The other part of the equation is creating a nice foundation in the harbor, which is where existing oyster shells come in. After an oyster installation, the work then becomes about monitoring the reef sites – which is where school groups and volunteers get involved, becoming community work.



Billion Oyster Project isn’t just a name, it’s a numeric goal they’ve set to reestablish one billion oysters to the New York Harbor by 2035. Madeline shares that “A lot of people feel guilty and think, ‘Should I be eating oysters?’ But oysters are actually one of the more sustainable seafoods. We don’t discourage it, but we do encourage choosing restaurants that recycle their shells and choose sustainable sources. Our work wouldn’t be possible without the discarded shells.”


Earlier this year, Billion Oyster Project put in about 500,000 pounds (which amounts to 600 cubic yards) of oyster shells – from the first two years of collection (which began in 2015). But since New York Harbor’s oysters are not safe to consume, the shells collected from the city’s restaurants are not local and, therefore, can’t be immediately returned to the water. Instead, the shells must sit out exposed to sun and rain, so any pathogen or tissue is dead or removed before they are introduced into the local ecosystem. It is generally one full year before Billion Oyster Project shells can be introduced into the water from the time the oyster leaves the plate at a restaurant.

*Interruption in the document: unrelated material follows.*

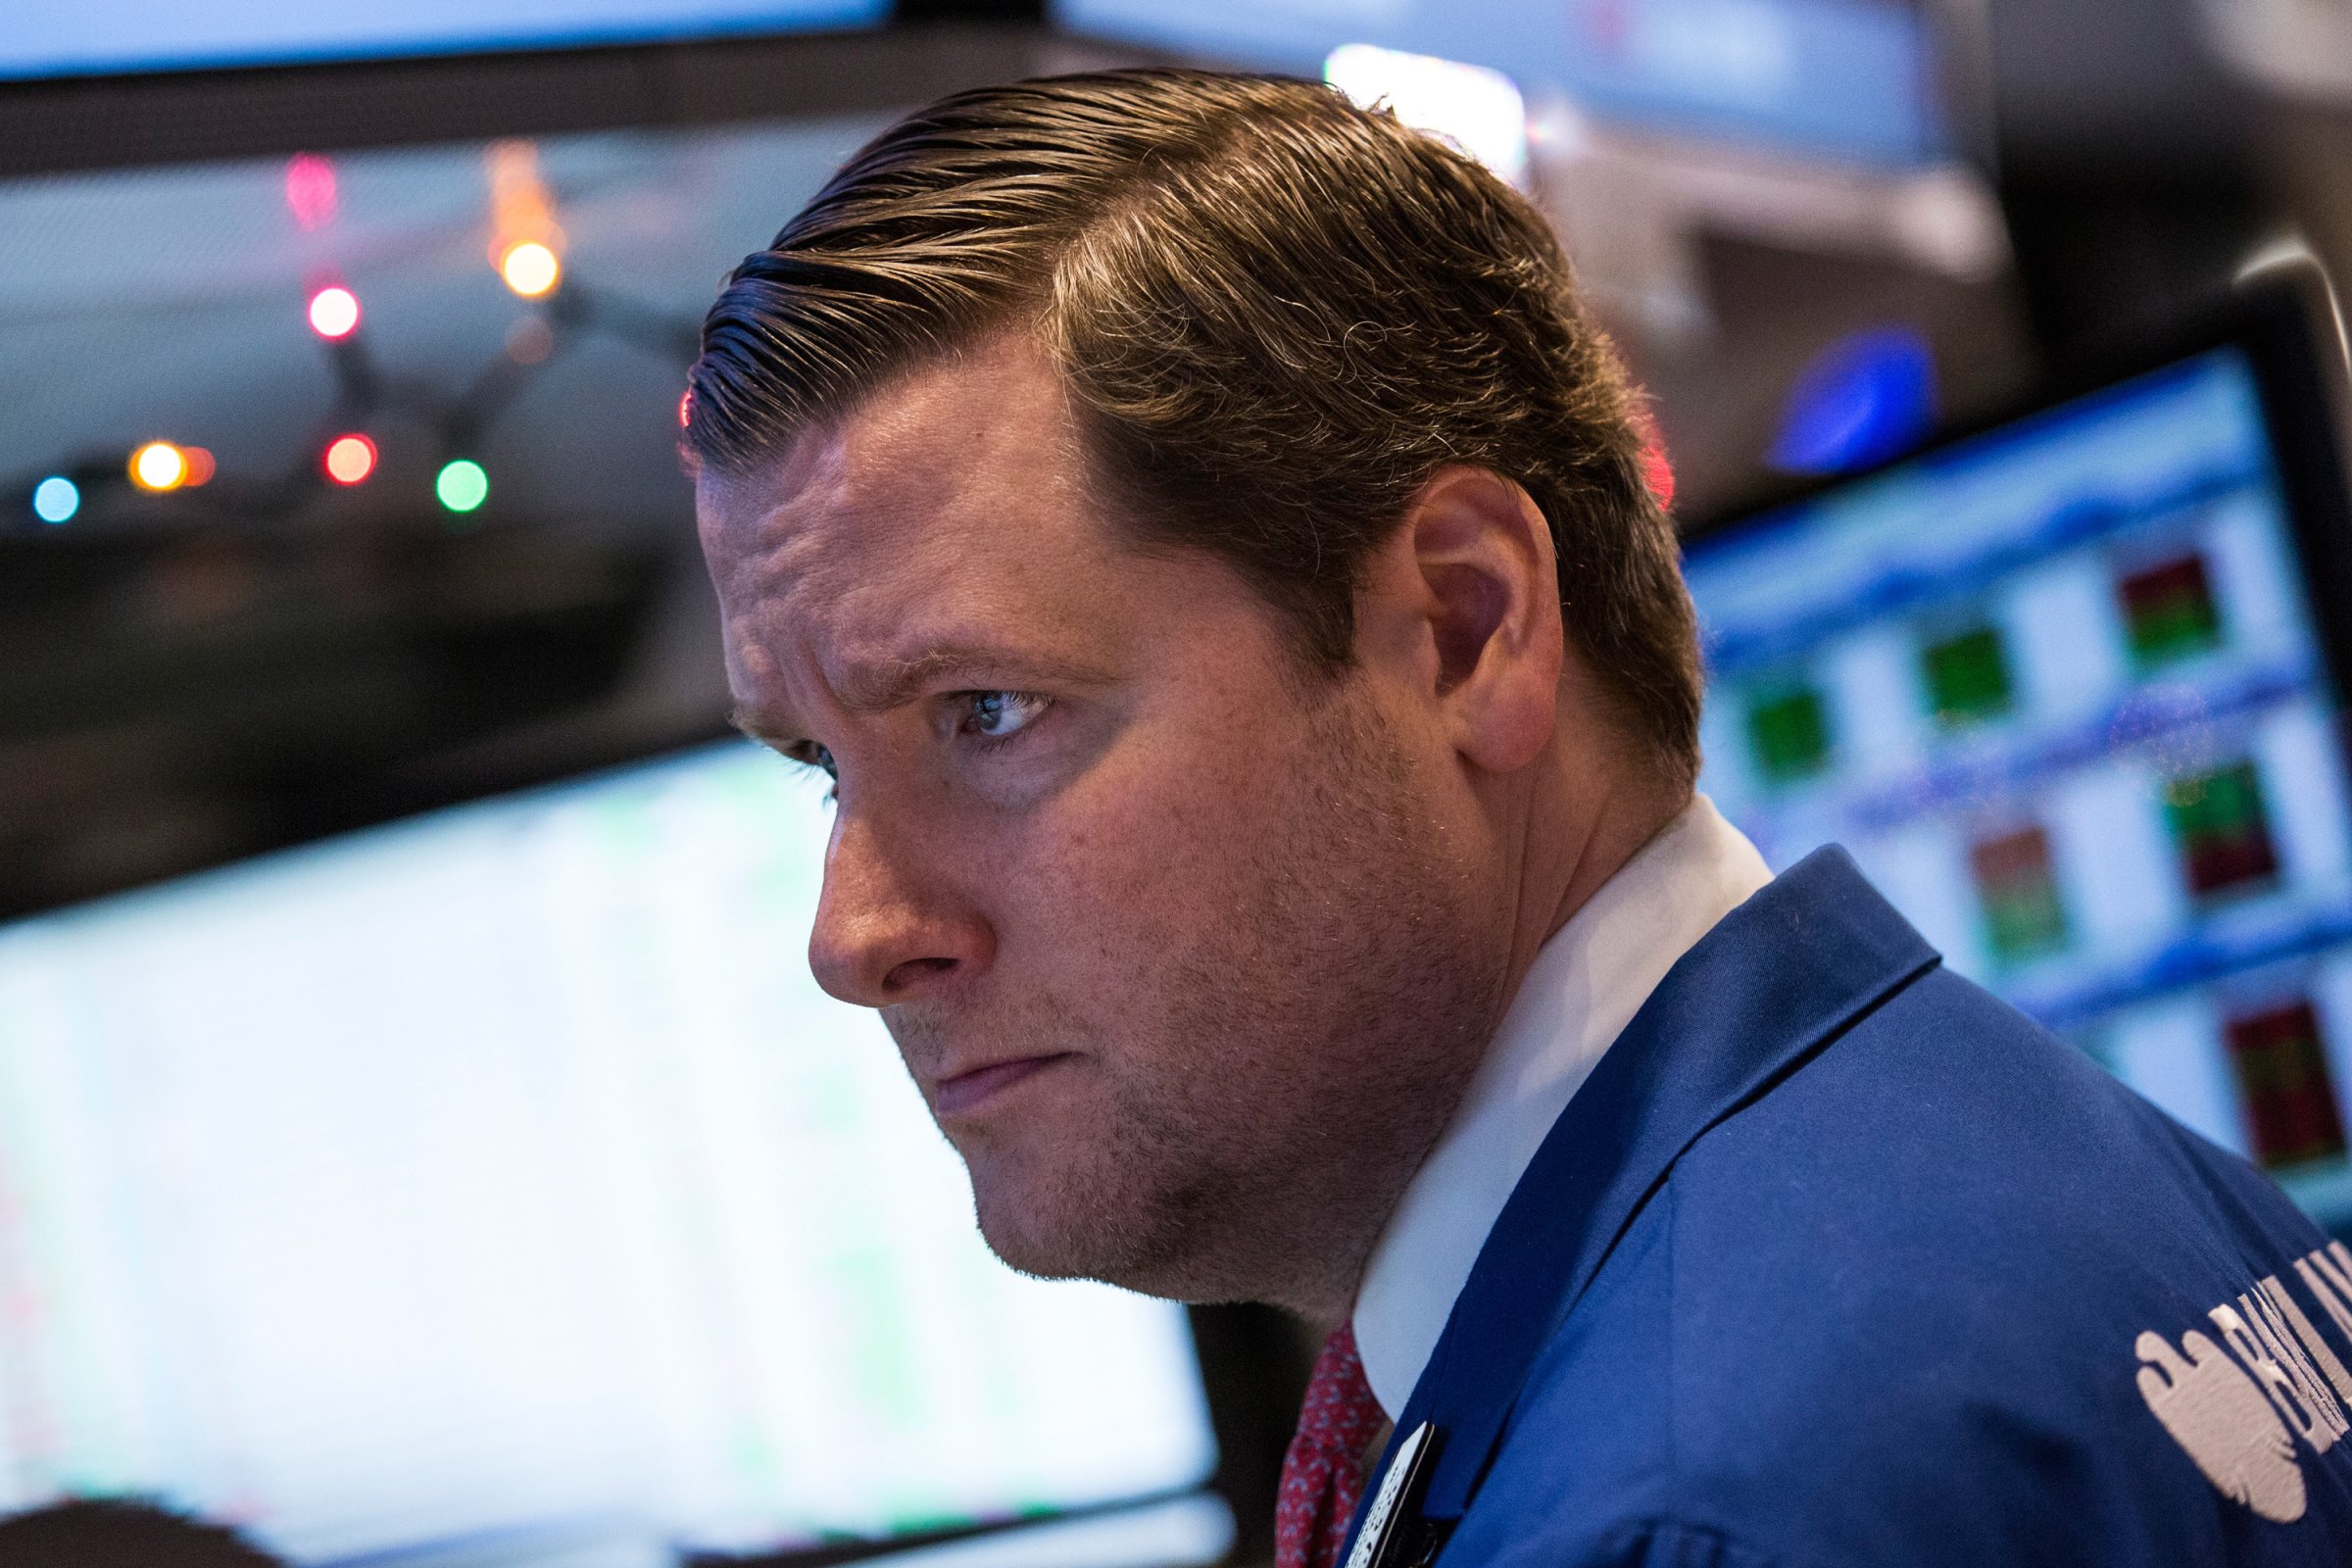 A trader on the floor of the New York Stock Exchange on Dec. 22, 2014.

It’s a slow process bringing an ecosystem back from the edge of lifelessness and can be a tough sell when the end goal isn’t a harbor-to-happy hour oyster experience. “It’s a nice idea, and it’s possible we could get there in the distant future,” says Madeline, “but that’s not the goal.” Instead, the focus is on two things you can’t order from a menu: a healthy ecosystem and an invested community.






Billion Oyster Project was founded in 2014 with a vision for the restoration of a healthy and biodiverse New York Harbor. Central to their mission is the belief that without education of future generations, restoration is temporary. In their six years of operation, BOP has restored 45 million live oysters.